No idea is probably more ingrained in modern thinking, no opinion is more generally accepted, no conclusion is surer to most people, than that we are in the midst of marvellous progress in this little world of ours, and that our generation is somewhere at the apex of the Pyramid of Progress, elevated thereto by the attainments of the generations that have preceded us. As the Poet Laureate put it at the close of the nineteenth century, "we are the heirs of all the ages in the [{13}] foremost files of time"; and because we have the advantage of our predecessors' progress in their time, we are, of course, in all that makes for human happiness and fulness of life, very far ahead of those gone before us. The farther back we go in history, then, the lower down men are supposed to be found in all that stands for intellectuality and in all that represents the possibilities of human achievement at its best. It is now well understood that the generations of the past are not so much to be blamed for their backwardness as to be pitied for the misfortune that, having come earlier in the world's history, they could not have the advantages that we enjoy, and therefore could only attain much lower stages in human progress than ours.
Apparently, there are very few people who do not share in the opinions thus expressed. The nineteenth century has been proclaimed the century of evolution; and the idea of evolution has become so much a part of the thought of our time that man also is assumed to be in the midst of it, and history is presumed to show distinctly the wonderful advance that humanity has made.
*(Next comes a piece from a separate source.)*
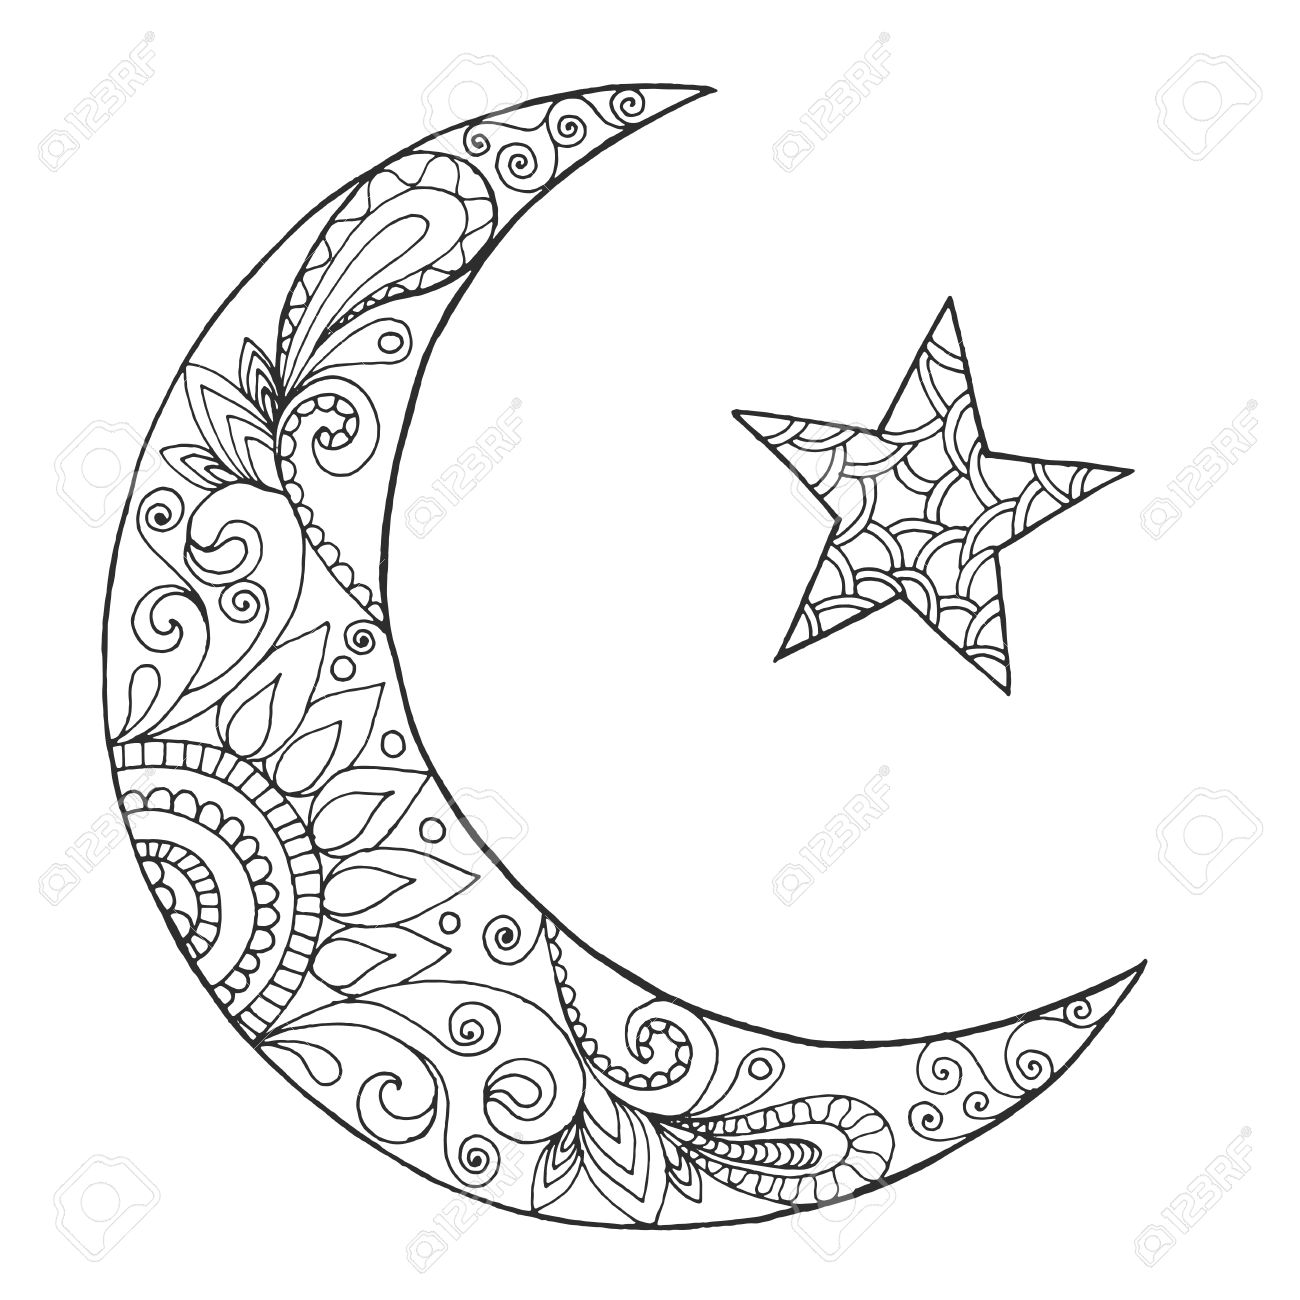 Ramadan Kareem Half Moon Greeting Design Coloring Page Engraved Ramadan Coloring Pages
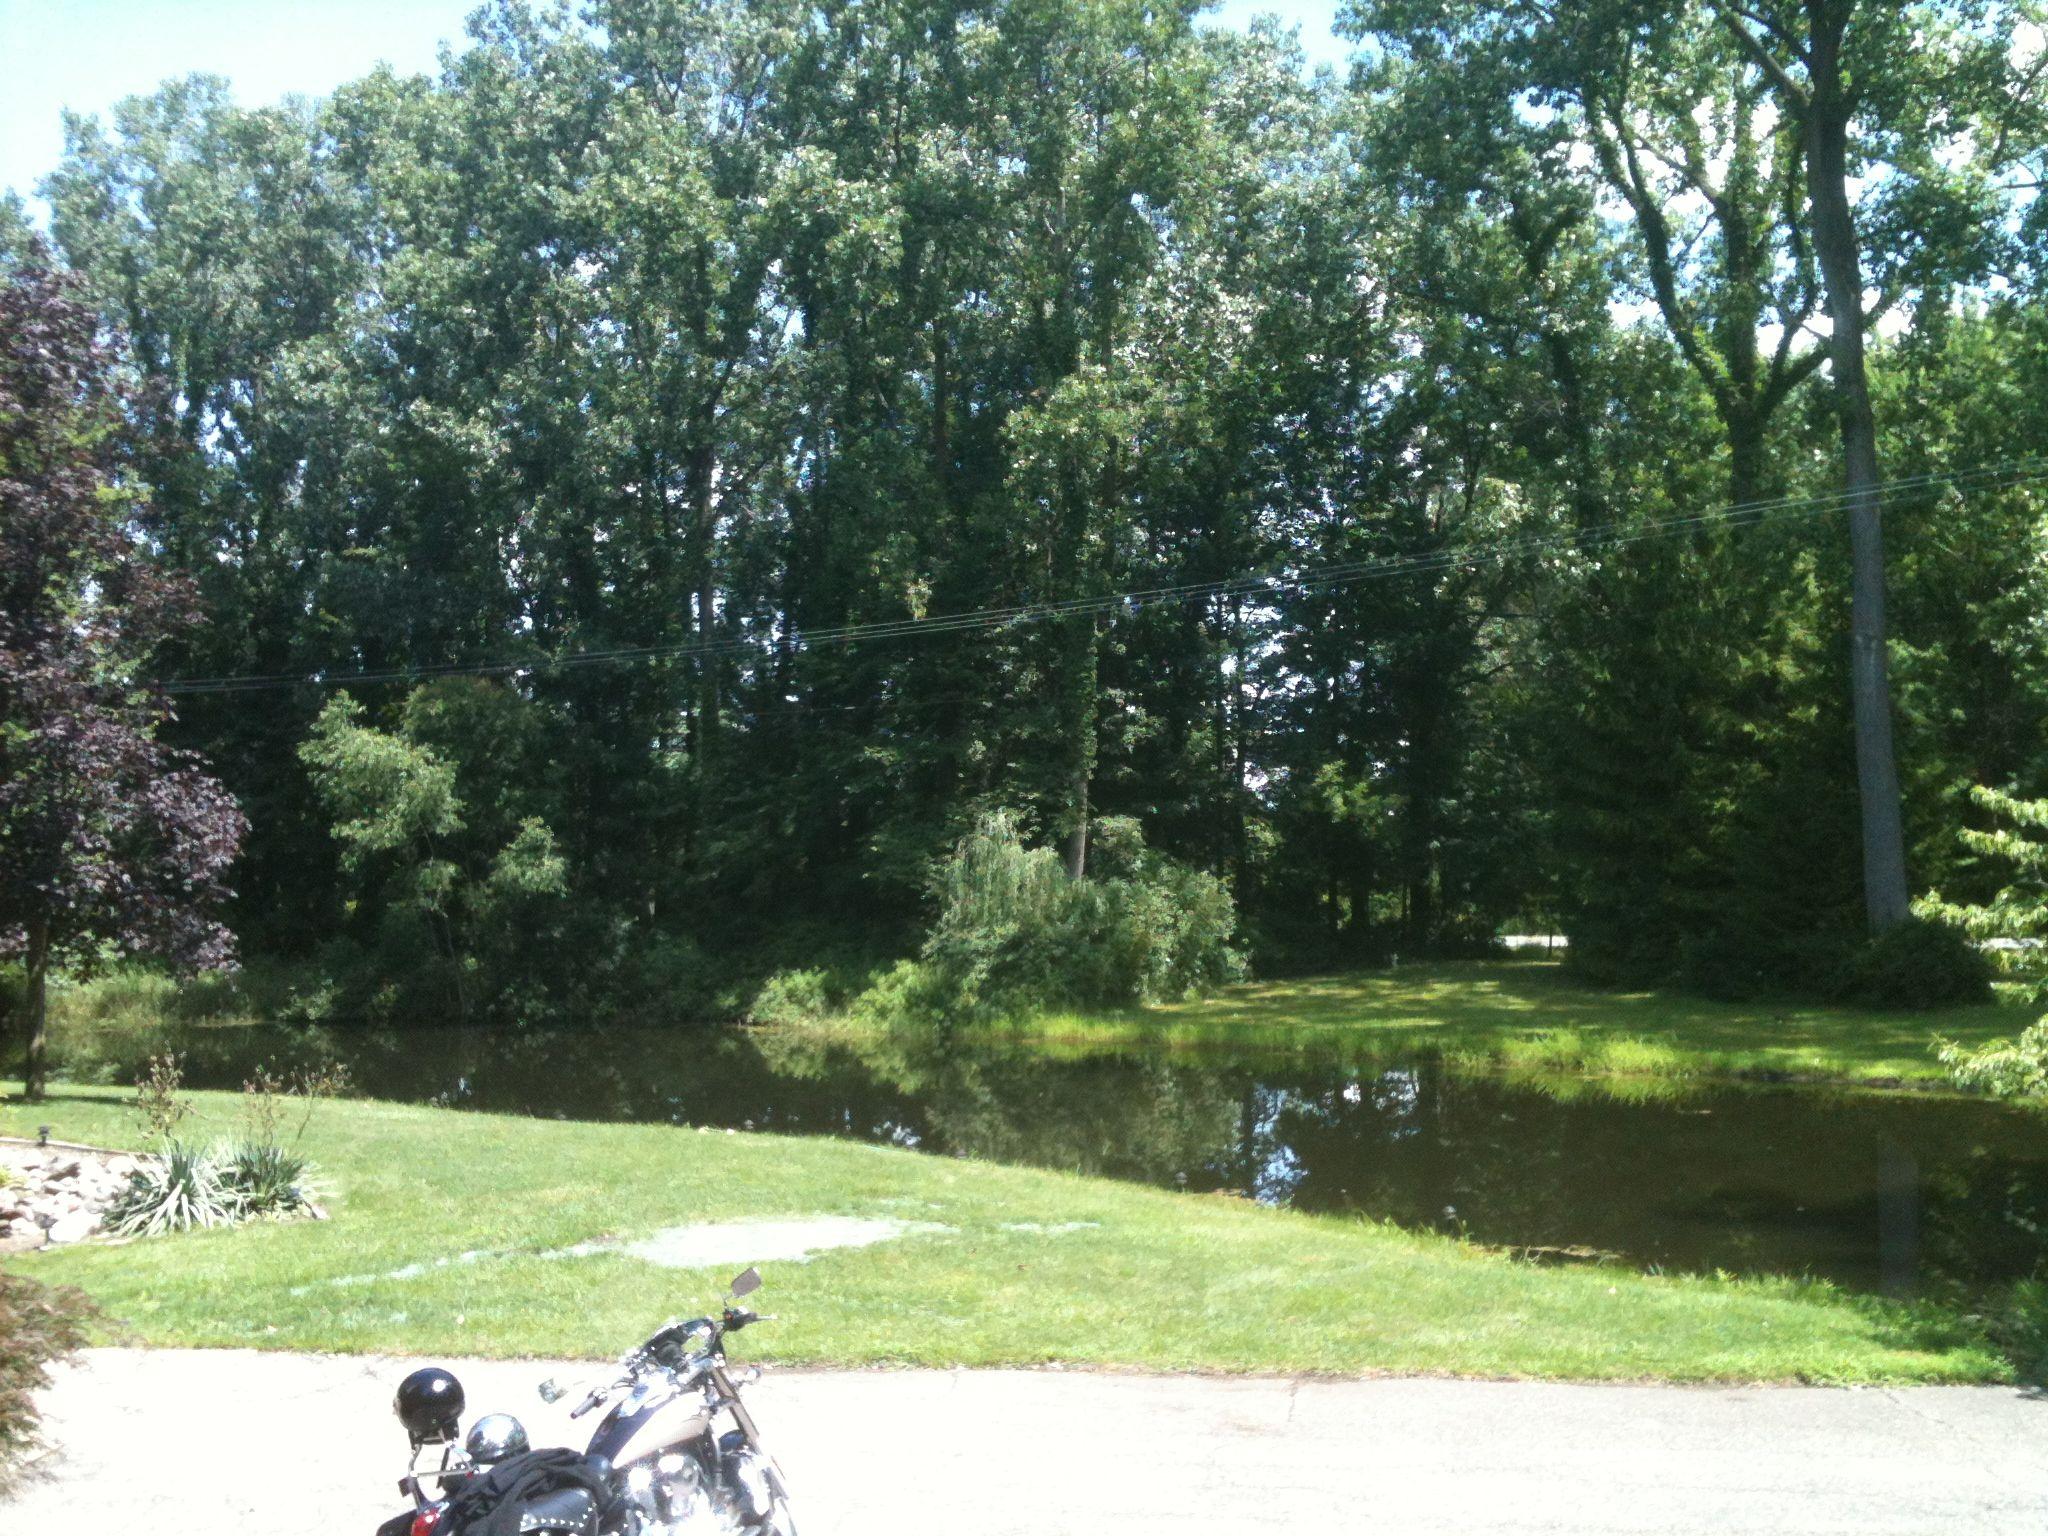 The pond at Scotts Fox

As a matter of fact, it is extremely difficult to point out definitely where progress in humanity may be observed. Ambassador Bryce was asked, two years ago, to deliver an address before Phi Beta Kappa at Harvard, and took for his subject "What is Progress?" Phi Beta Kappa is the fraternity that admits into its classes only the best [{14}] students,--men who have proved their ability by success. Mr. Bryce, speaking to the most intelligent university graduates, might be expected to make much of our wonderful recent progress. The address subsequently appeared in the Atlantic Monthly for August, 1907. Far from any glorification of progress, the historian of the American Commonwealth, who has demonstrated his breadth of view and his notable lack of British insularity by the large way he has written about us, so that we have adopted his work as a text-book of information about ourselves, is very dubious as to whether there is any progress in the world. There is certainly no progress in man's highest expressions of his intelligence. As Mr. Bryce says: "The poetry of the early Hebrews and of the early Greeks has never been surpassed and hardly ever equalled. Neither has the philosophy of Plato and Aristotle, nor the speeches of Demosthenes and Cicero." No one pretends that there is any progress in art. The masterpieces of architecture, sculpture, and painting date as a rule from long before our time, some of them nearly twenty-five hundred years back.